Liffe’s second-month robusta futures contract was seen at $2,275 per tonne by the end of the third quarter and remaining there by the end of the year, up from $1,907 per tonne at the end of last year, the median estimate showed.

On Monday, robusta futures were dealing at $2,353 per tonne at 1057 GMT, basis second month.

The coffee market soared to multi-year highs in February, with the then most-active second-month arabica contract hitting a 10-year peak at $1.7190/lb, as investors took money out of struggling stock markets and poured it into soft commodities.

By early March, robusta futures trading on Liffe climbed to a 12-1/2-year high at $2,815 a tonne.

Arabica coffee is typically used in premium coffees while robusta is either blended with arabica beans for a lower-cost brewed coffee or processed into instant coffee.

Expensive energy
Key factors expected to drive the coffee market included rising energy prices and the state of the world’s economy, poll results showed.

“As index funds take in their profits from the other investments, they will probably turn towards coffee and ethanol for new gains, especially if the Brazilian flowering indicates a smaller than expected yield for the (2009/2010) crop,” said Christian Wolthers, of Wolthers America Inc. in Fort Lauderdale, Florida.
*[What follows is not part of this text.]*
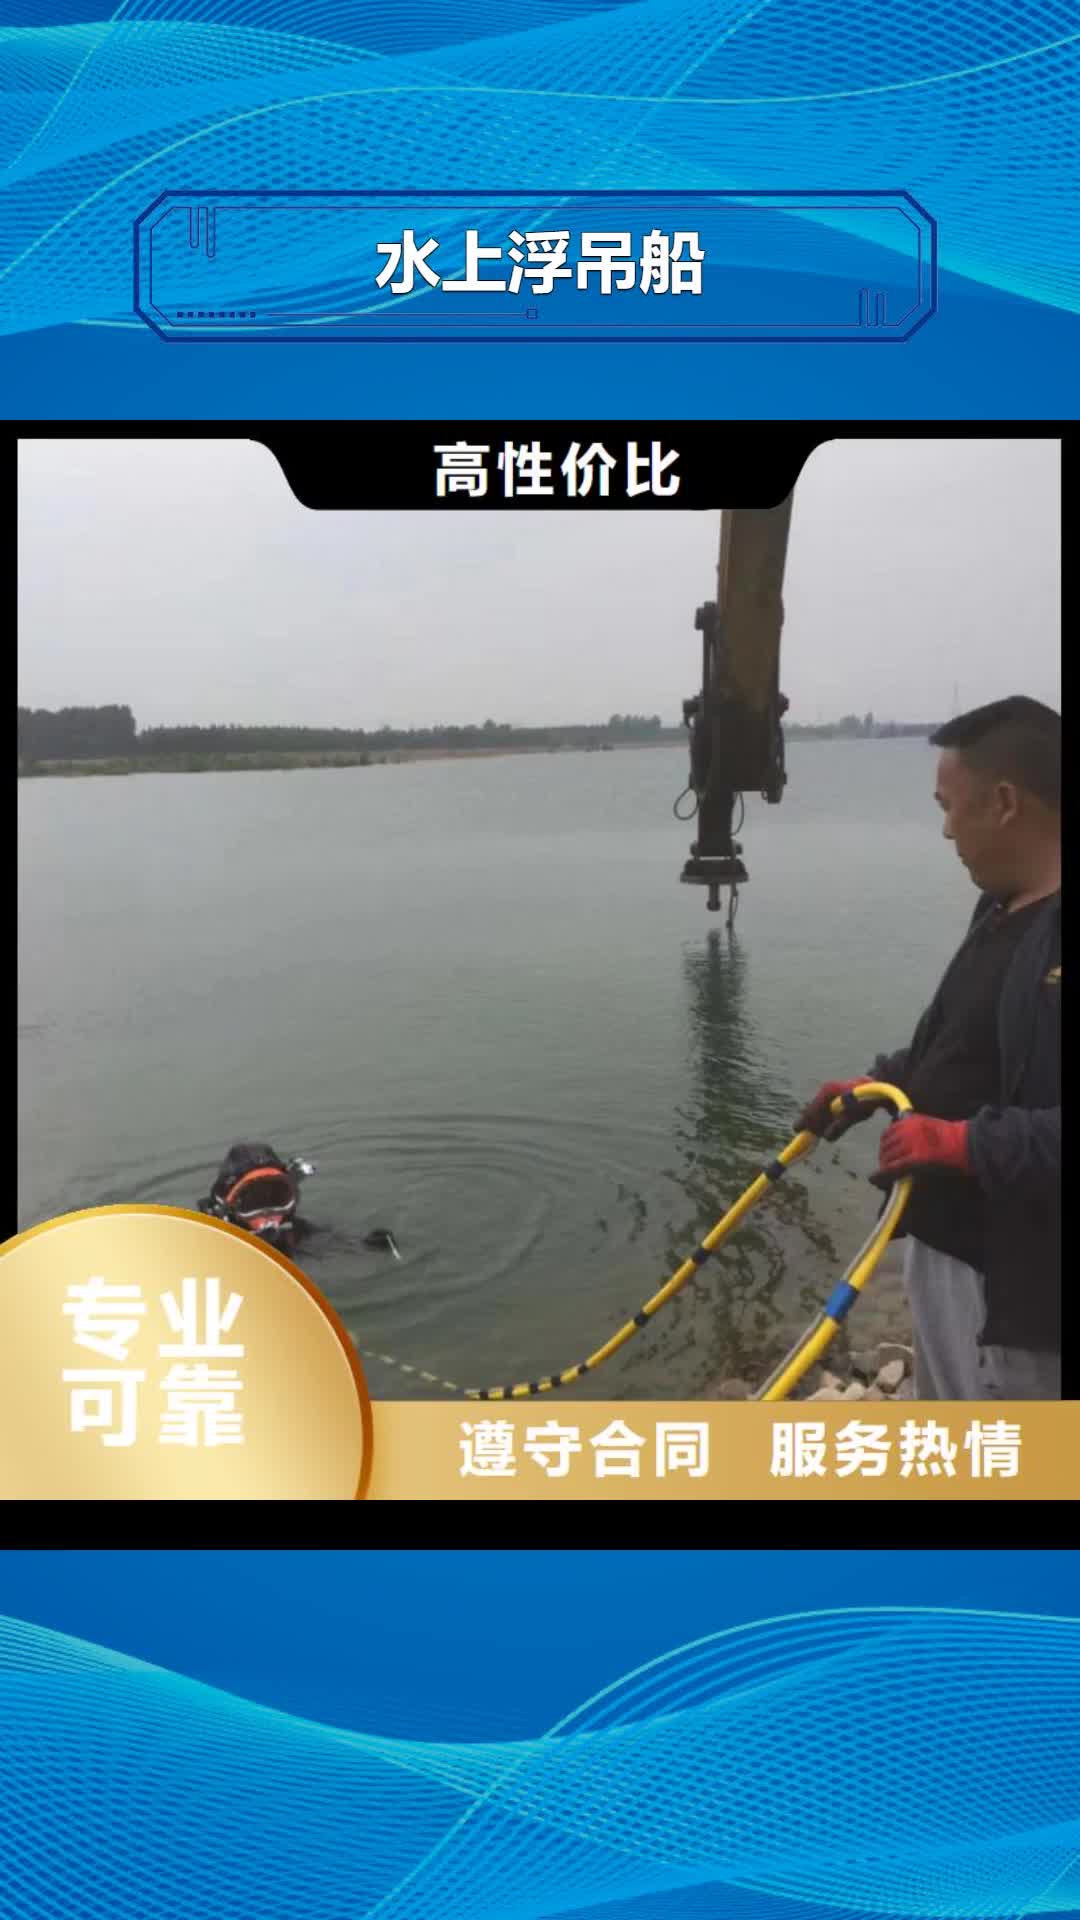 蚌埠【水上浮吊船】,水下设施建设知名公司

Global production for the 2008/09 crop year was pegged at a median of 138.25 million 60-kg bags. World consumption for 2007/08 was projected at 125 million bags and for 2008/09 at 128 million.

The International Coffee Organization has estimated 2008/09 world coffee production around 128 million bags, and revised its 2007/08 estimate at 118.2 million bags.

In top coffee producer Brazil, the median estimate put the 2008/09 crop at 51 million bags, higher than the government’s recent forecast at 45.5 million bags and up from the 33.7 million bags in 2007/08.

The median projection for Vietnam’s 2008/09 robusta crop was 21.5 million bags, with estimates in a tight range from 19 million to 22.5 million

the time) Most times buy cialis online Research Institute from the USA in 1998. Based on this.

. The harvest is due to start in October.